[Source material]

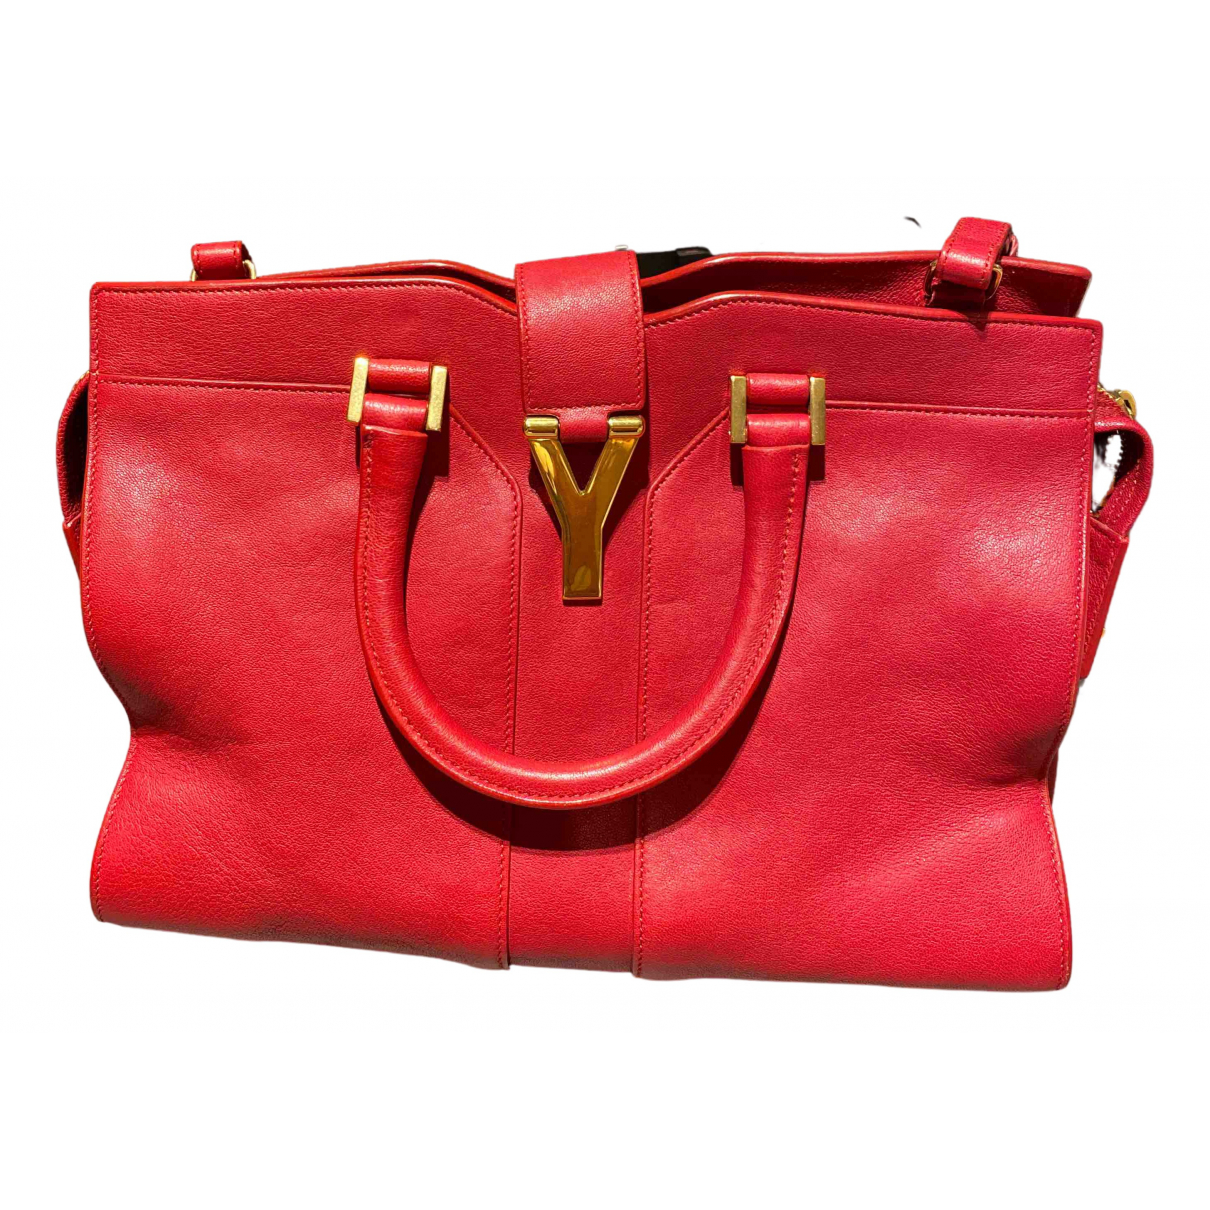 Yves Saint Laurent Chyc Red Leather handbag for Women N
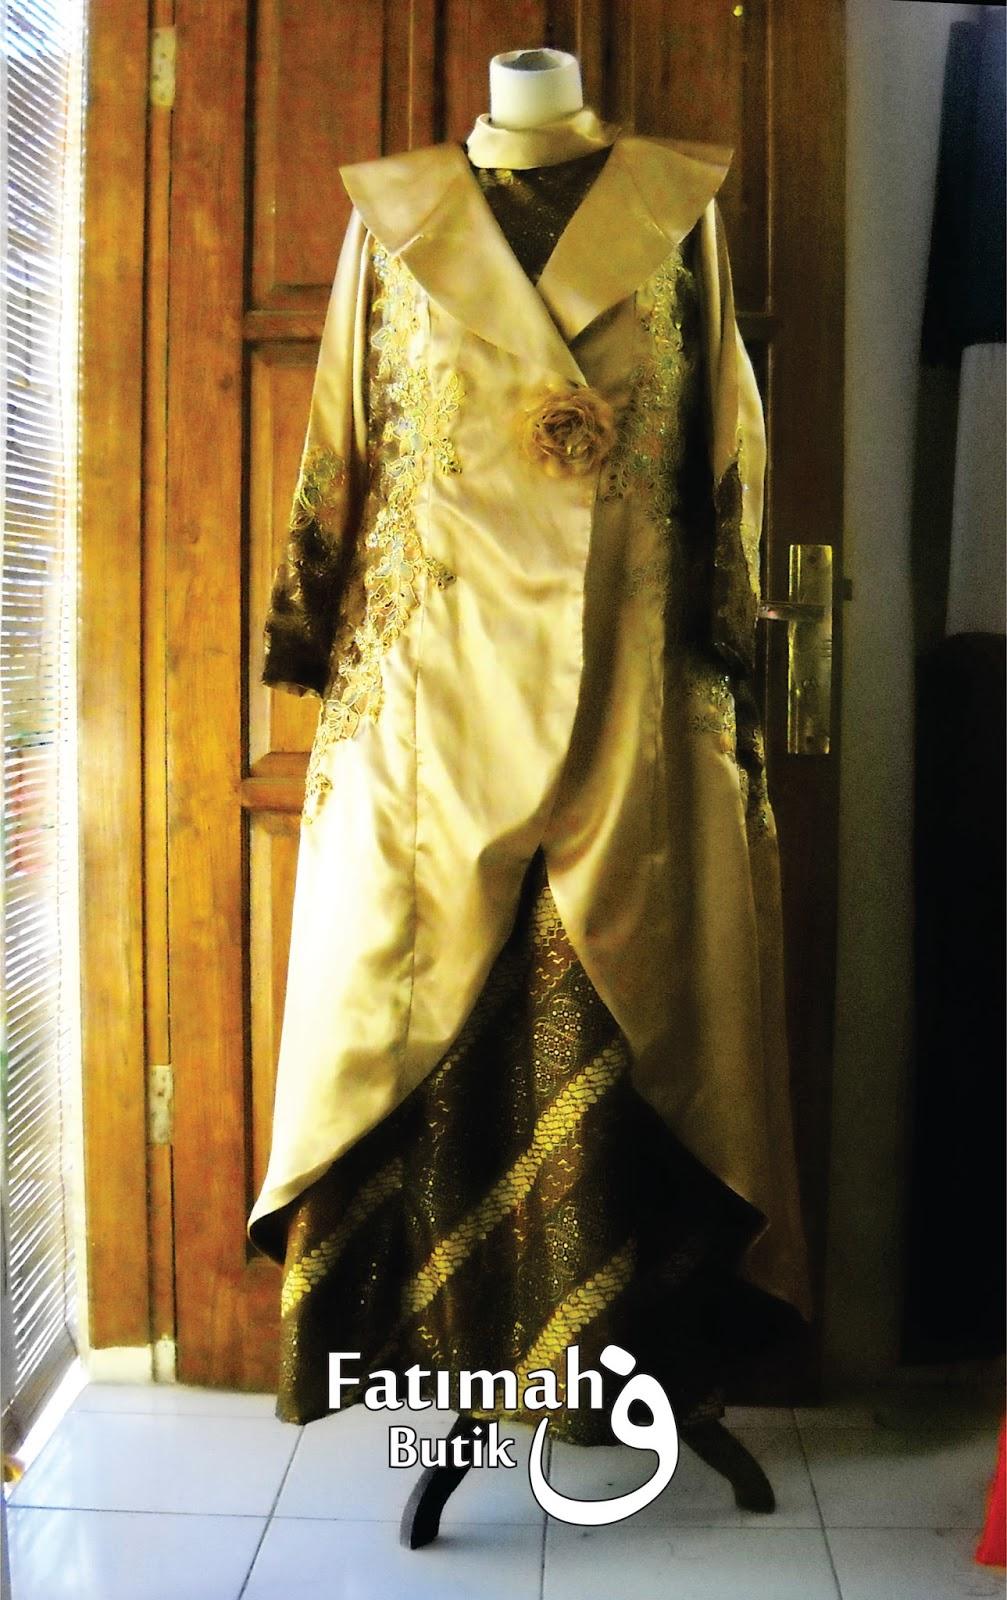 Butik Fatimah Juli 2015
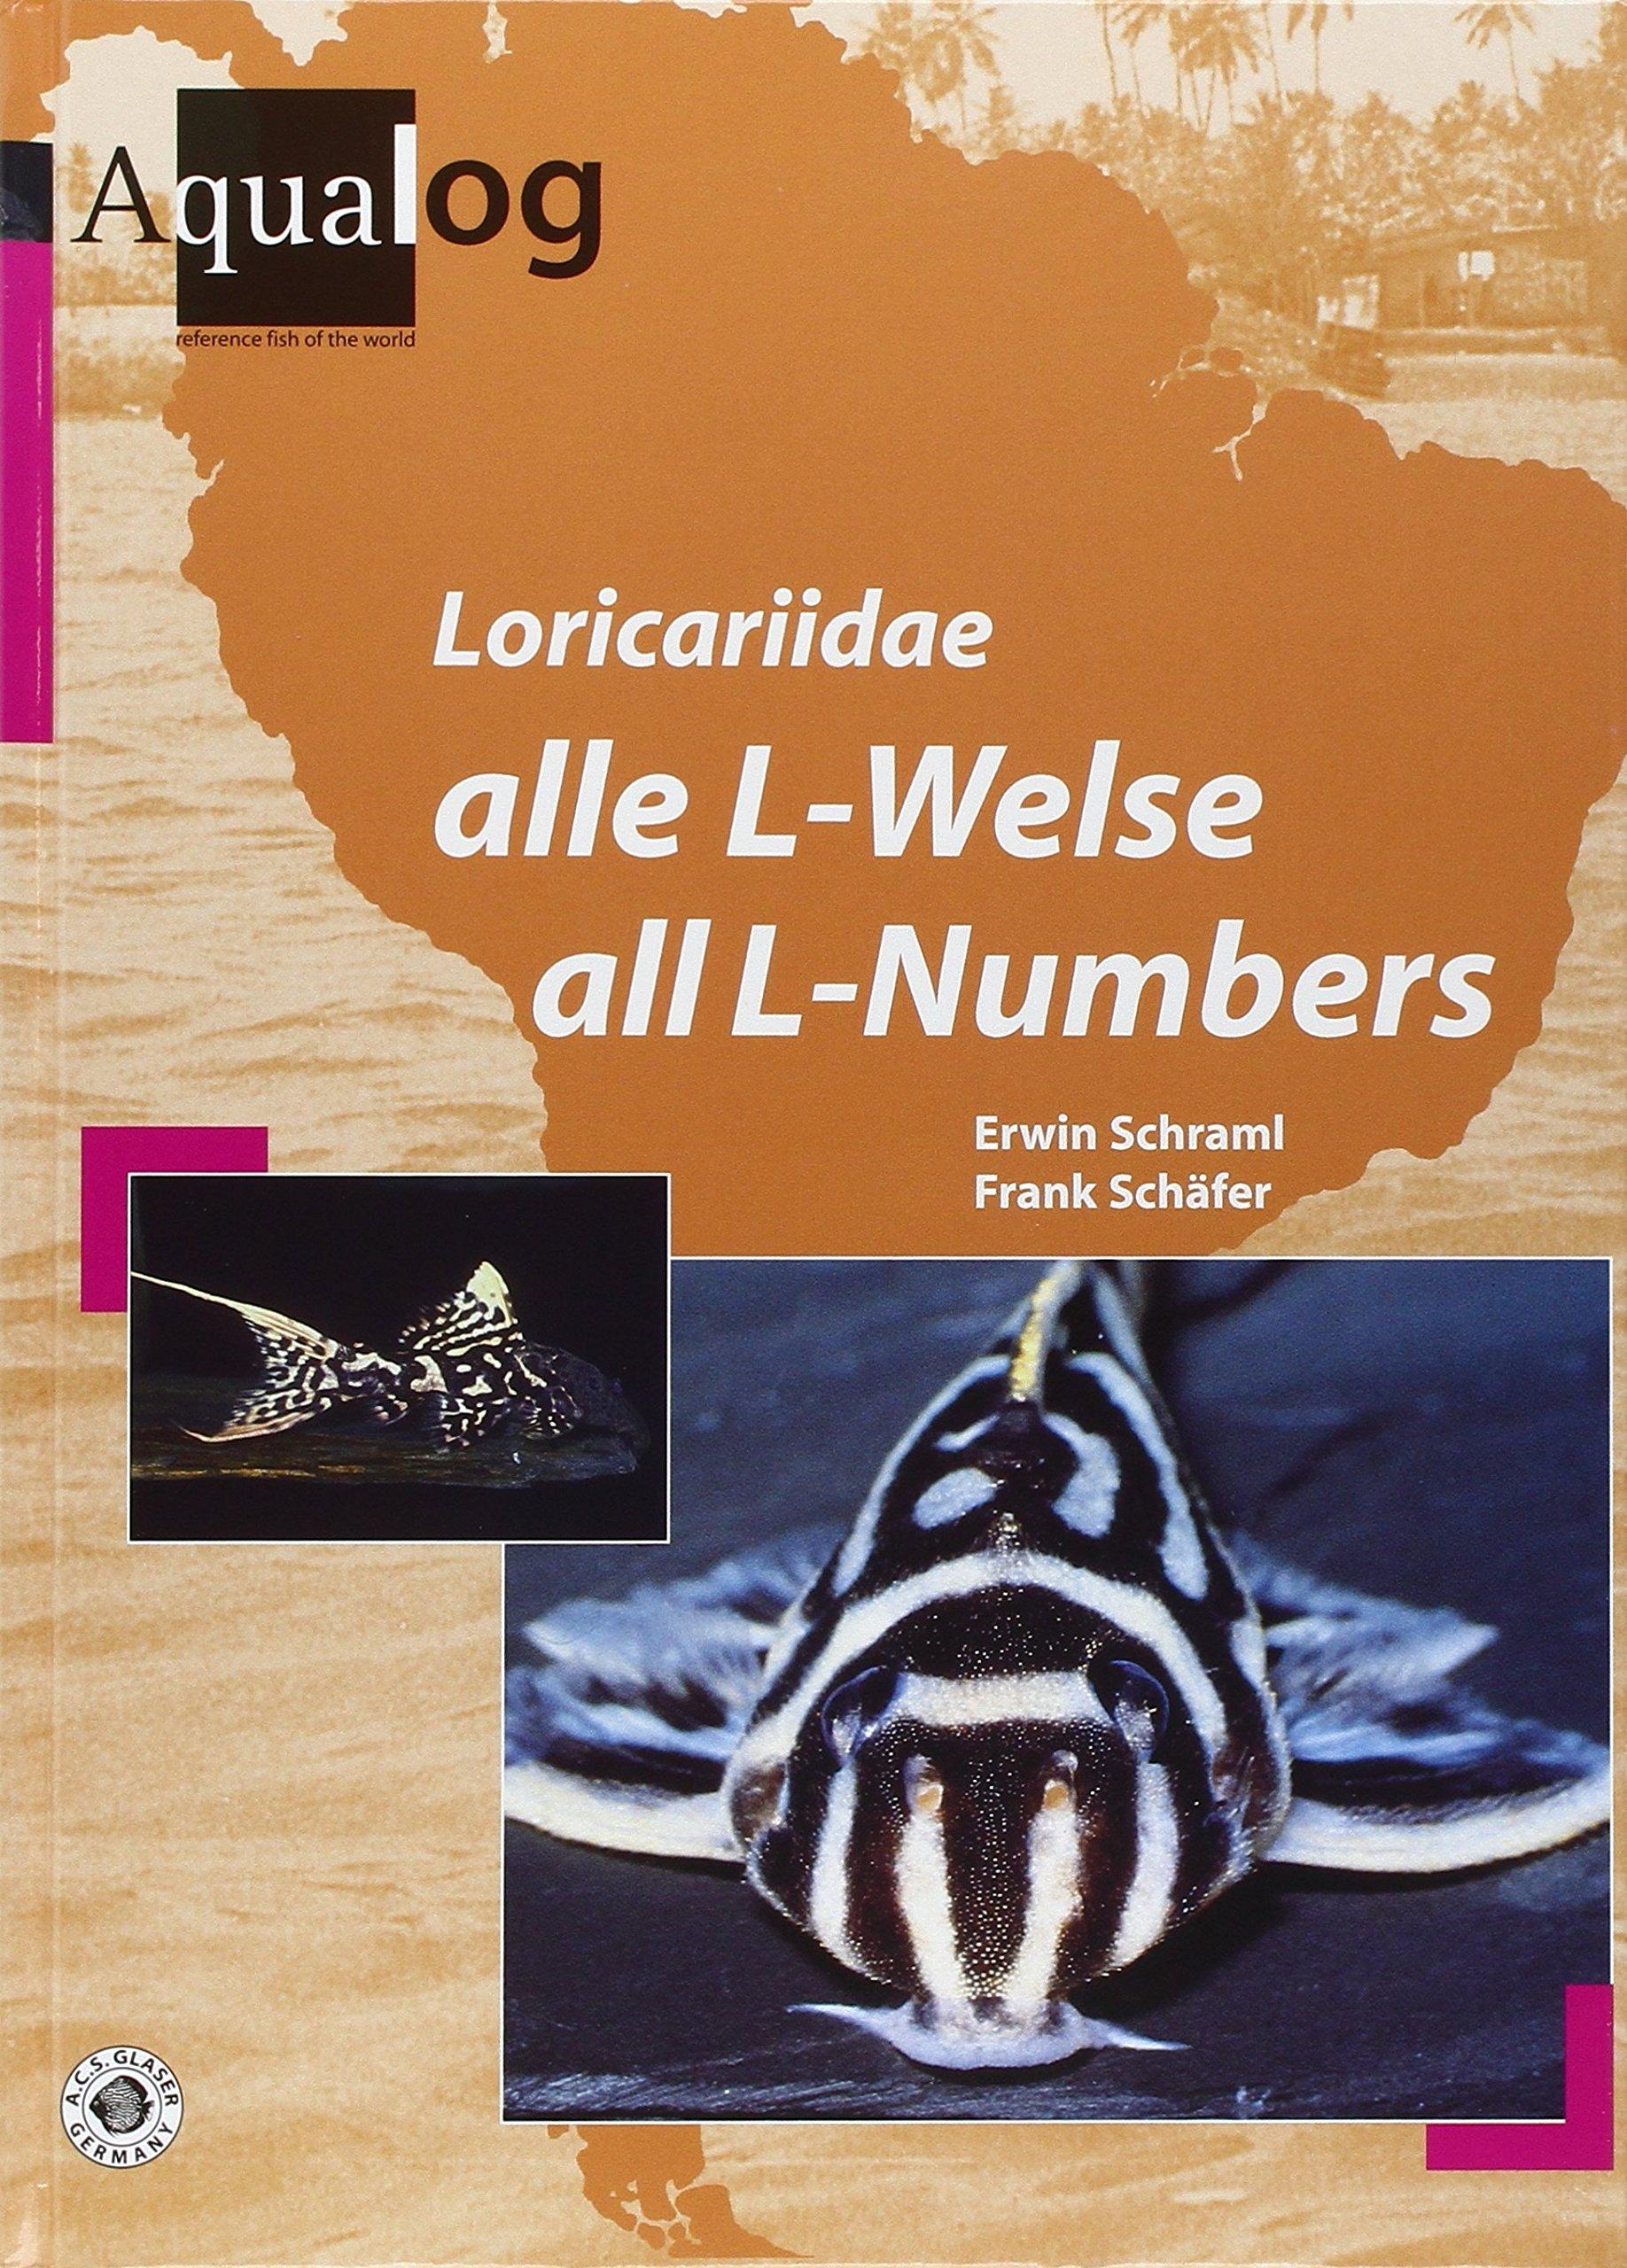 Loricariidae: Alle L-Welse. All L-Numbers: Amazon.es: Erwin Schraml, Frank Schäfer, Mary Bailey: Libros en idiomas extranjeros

[/Source material]

Exclude the pictures, and transcribe all of the material exactly.

 Yves Saint Laurent Chyc Red Leather handbag for Women N
 Butik Fatimah Juli 2015
 Loricariidae: Alle L-Welse. All L-Numbers: Amazon.es: Erwin Schraml, Frank Schäfer, Mary Bailey: Libros en idiomas extranjeros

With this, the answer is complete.